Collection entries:
==============================

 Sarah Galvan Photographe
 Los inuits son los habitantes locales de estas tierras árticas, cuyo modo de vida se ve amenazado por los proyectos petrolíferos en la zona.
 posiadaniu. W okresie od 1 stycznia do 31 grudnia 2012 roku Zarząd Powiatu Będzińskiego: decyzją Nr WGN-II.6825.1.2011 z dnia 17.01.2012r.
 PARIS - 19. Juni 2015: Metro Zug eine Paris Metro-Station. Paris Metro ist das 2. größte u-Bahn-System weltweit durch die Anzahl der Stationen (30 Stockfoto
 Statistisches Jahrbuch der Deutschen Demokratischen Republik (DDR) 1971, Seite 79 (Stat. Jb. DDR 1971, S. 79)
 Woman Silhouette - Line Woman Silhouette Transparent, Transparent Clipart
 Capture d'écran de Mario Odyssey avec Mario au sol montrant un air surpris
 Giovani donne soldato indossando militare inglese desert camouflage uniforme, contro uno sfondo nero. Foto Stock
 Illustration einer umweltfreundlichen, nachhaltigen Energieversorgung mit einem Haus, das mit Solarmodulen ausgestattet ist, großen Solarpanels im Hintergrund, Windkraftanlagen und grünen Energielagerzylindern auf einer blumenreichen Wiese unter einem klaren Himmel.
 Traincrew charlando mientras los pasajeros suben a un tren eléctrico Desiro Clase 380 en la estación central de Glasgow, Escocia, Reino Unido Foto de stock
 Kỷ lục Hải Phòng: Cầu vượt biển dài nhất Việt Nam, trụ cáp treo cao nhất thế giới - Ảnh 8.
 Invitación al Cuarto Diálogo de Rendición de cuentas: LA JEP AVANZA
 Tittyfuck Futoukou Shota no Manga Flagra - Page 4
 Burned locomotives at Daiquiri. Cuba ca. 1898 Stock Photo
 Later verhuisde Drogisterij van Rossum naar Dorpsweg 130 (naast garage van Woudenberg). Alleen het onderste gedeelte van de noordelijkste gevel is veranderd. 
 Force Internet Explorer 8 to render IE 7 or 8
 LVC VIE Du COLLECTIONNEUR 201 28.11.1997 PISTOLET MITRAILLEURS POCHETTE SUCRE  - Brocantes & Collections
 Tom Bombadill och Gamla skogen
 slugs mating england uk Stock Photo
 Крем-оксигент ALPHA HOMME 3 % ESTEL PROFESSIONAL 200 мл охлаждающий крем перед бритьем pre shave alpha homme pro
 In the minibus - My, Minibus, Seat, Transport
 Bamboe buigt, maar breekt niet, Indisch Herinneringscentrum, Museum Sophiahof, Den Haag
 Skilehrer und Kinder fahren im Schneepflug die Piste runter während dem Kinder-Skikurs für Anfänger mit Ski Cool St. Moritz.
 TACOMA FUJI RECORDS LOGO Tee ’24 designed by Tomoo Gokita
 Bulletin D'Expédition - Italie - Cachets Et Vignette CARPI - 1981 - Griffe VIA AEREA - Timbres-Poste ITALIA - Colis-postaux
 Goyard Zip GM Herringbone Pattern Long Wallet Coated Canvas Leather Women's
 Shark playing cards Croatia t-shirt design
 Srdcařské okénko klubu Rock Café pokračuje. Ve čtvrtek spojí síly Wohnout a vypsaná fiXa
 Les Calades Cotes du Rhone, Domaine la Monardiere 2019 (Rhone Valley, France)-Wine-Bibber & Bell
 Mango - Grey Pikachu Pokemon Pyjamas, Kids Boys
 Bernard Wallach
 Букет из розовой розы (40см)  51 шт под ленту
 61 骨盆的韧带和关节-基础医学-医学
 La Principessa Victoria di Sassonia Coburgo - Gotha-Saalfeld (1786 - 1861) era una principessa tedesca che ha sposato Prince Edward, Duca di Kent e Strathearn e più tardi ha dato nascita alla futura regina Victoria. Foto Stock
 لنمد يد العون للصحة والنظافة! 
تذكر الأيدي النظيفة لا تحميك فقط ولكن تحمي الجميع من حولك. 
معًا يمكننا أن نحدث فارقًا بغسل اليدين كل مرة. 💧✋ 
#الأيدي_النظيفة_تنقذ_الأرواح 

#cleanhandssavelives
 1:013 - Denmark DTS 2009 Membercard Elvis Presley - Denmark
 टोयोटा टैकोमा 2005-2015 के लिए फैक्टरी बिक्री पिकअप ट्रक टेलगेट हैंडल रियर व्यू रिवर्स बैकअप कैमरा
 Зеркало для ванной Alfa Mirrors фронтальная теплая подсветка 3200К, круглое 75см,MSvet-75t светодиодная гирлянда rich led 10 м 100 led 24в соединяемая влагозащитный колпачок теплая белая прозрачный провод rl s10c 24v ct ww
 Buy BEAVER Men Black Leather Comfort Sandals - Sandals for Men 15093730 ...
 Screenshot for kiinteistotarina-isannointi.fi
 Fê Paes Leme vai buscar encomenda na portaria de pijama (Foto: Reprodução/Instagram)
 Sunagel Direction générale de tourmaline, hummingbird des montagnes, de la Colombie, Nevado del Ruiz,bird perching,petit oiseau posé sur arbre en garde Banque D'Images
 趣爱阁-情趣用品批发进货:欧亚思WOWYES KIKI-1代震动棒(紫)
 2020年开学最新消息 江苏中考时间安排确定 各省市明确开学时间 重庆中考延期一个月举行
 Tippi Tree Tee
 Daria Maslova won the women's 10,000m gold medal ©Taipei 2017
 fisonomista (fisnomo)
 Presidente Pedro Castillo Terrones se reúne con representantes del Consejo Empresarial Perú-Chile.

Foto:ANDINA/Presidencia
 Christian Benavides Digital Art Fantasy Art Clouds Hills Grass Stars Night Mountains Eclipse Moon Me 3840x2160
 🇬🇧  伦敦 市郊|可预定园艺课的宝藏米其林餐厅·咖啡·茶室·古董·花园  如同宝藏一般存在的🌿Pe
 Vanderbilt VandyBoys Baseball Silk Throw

==============================

One stretch of the lines above is wanted, from the line that contains "61 骨盆的韧带和关节-基础医学-医学" through the line that contains "#cleanhandssavelives". Output it exactly.

## ANSWER TO THIS TASK
 61 骨盆的韧带和关节-基础医学-医学
 La Principessa Victoria di Sassonia Coburgo - Gotha-Saalfeld (1786 - 1861) era una principessa tedesca che ha sposato Prince Edward, Duca di Kent e Strathearn e più tardi ha dato nascita alla futura regina Victoria. Foto Stock
 لنمد يد العون للصحة والنظافة! 
تذكر الأيدي النظيفة لا تحميك فقط ولكن تحمي الجميع من حولك. 
معًا يمكننا أن نحدث فارقًا بغسل اليدين كل مرة. 💧✋ 
#الأيدي_النظيفة_تنقذ_الأرواح 

#cleanhandssavelives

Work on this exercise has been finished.